- _Material shown_:

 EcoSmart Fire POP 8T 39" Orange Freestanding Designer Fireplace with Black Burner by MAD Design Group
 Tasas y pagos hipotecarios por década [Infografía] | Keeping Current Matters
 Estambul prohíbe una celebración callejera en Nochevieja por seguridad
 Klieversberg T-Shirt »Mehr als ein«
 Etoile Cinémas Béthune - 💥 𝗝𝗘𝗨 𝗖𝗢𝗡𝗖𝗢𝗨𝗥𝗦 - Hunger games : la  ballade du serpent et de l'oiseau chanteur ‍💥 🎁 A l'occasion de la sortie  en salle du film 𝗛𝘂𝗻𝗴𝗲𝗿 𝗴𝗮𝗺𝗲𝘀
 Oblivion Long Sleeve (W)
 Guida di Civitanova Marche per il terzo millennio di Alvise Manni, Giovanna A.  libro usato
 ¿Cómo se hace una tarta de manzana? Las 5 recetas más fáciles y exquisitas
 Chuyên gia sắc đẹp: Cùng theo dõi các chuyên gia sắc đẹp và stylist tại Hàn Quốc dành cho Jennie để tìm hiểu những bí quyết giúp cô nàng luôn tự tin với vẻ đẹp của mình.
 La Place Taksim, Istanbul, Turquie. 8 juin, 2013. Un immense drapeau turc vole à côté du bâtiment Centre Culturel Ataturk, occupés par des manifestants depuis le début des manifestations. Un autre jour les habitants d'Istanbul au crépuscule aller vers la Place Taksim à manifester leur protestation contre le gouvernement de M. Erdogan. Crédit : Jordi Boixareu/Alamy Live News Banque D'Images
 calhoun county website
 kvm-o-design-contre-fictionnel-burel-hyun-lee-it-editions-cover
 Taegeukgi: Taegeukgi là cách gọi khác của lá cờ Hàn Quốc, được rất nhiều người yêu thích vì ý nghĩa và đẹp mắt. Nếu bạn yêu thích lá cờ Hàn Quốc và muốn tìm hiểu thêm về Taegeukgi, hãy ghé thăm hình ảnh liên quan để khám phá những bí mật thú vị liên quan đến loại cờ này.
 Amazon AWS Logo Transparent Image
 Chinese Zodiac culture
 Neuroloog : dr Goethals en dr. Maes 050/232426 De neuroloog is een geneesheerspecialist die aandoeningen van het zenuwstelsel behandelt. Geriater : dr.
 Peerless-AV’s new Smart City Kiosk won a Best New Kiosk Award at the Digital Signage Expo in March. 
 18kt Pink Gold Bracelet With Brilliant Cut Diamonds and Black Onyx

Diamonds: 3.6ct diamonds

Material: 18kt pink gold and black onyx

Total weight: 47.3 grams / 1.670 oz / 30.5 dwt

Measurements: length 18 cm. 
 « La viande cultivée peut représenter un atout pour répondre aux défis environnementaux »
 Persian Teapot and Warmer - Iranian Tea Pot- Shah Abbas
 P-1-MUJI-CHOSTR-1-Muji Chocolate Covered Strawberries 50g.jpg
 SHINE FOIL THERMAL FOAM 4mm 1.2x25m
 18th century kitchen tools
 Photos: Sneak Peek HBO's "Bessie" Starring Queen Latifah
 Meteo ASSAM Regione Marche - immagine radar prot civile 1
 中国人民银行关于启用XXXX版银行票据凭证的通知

- _Task goal_: Beginning at the line above with "Guida di Civitanova" and finishing at the line with "Chuyên gia sắc đẹp: Cùng", return each line exactly and return nothing else.

- _Expected answer_:
 Guida di Civitanova Marche per il terzo millennio di Alvise Manni, Giovanna A.  libro usato
 ¿Cómo se hace una tarta de manzana? Las 5 recetas más fáciles y exquisitas
 Chuyên gia sắc đẹp: Cùng theo dõi các chuyên gia sắc đẹp và stylist tại Hàn Quốc dành cho Jennie để tìm hiểu những bí quyết giúp cô nàng luôn tự tin với vẻ đẹp của mình.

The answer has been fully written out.